That Jack breaks Piggy's glasses out of spite is inevitable. Piggy's link to civilization is partly destroyed, making his situation with Jack and the jungle even more dangerous. Simon returns the broken glasses, and "passions beat about Simon on the mountain-top with awful wings." With their hopes dashed, violence and blood lust simmering, and civilization receding, Simon knows they are endangered.

Power plays between Ralph and Jack fill the rest of the scene. Jack apologizes for breaking the glasses and gains the hunters' admiration. Ralph, no longer fooled by Jack's empty words, insists that he rebuild the fire immediately.

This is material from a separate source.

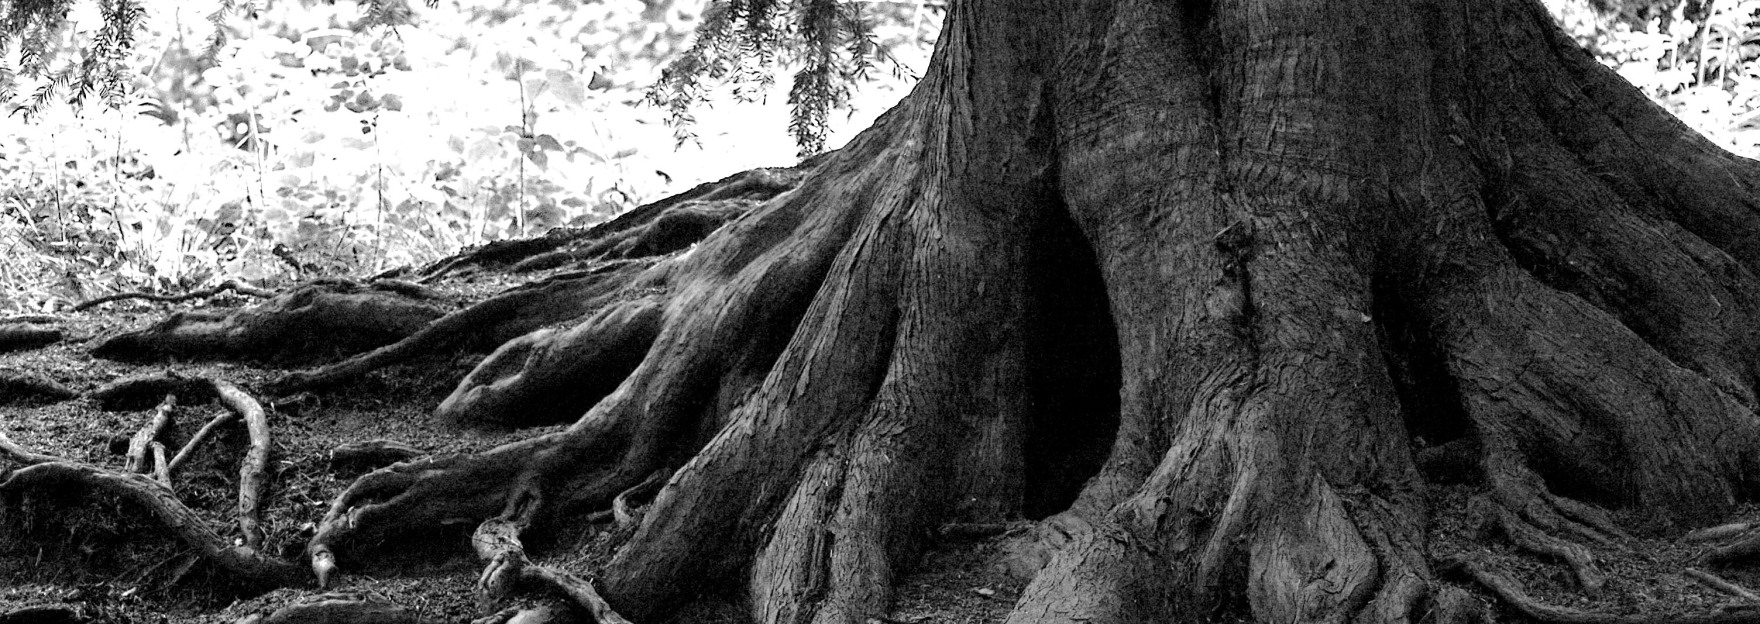 Корни тейлор. Японский дуб мидзунара. Деревья. Ствол дерева. Дерево с большими корнями.

But then Ralph refuses to move out of the way, which forces Jack to build the fire in a different place.

For the first time Ralph recognizes Piggy's importance. "Not even Ralph knew how a link between him and Jack had been snapped and fastened elsewhere. 'I'll bring 'em back,'" he says to Piggy as he borrows his glasses to light the fire.

New allegiances have been made. The friendship between Ralph and Jack is broken; their relationship is now that of enemies. And Ralph has bonded himself in friendship to Piggy.


More power struggles! Ralph tries not to eat roast pig and Jack tries not to give him any "as an assertion of power." Piggy the powerless leaves himself open to further ridicule from Jack when he asks for food. It's Simon who shows compassion by sharing his food.

"Inexpressible frustrations combined to make his rage elemental and awe-inspiring," and Jack begins a chantlike recitation of the kill: "I painted my face-I stole up. Now you eat-all of you-and I-" Jack's words are becoming more primitive all the time. He is an early hunter learning to grunt out the first words that represent thought. But instead of enlarging his thinking, Jack is slipping backward.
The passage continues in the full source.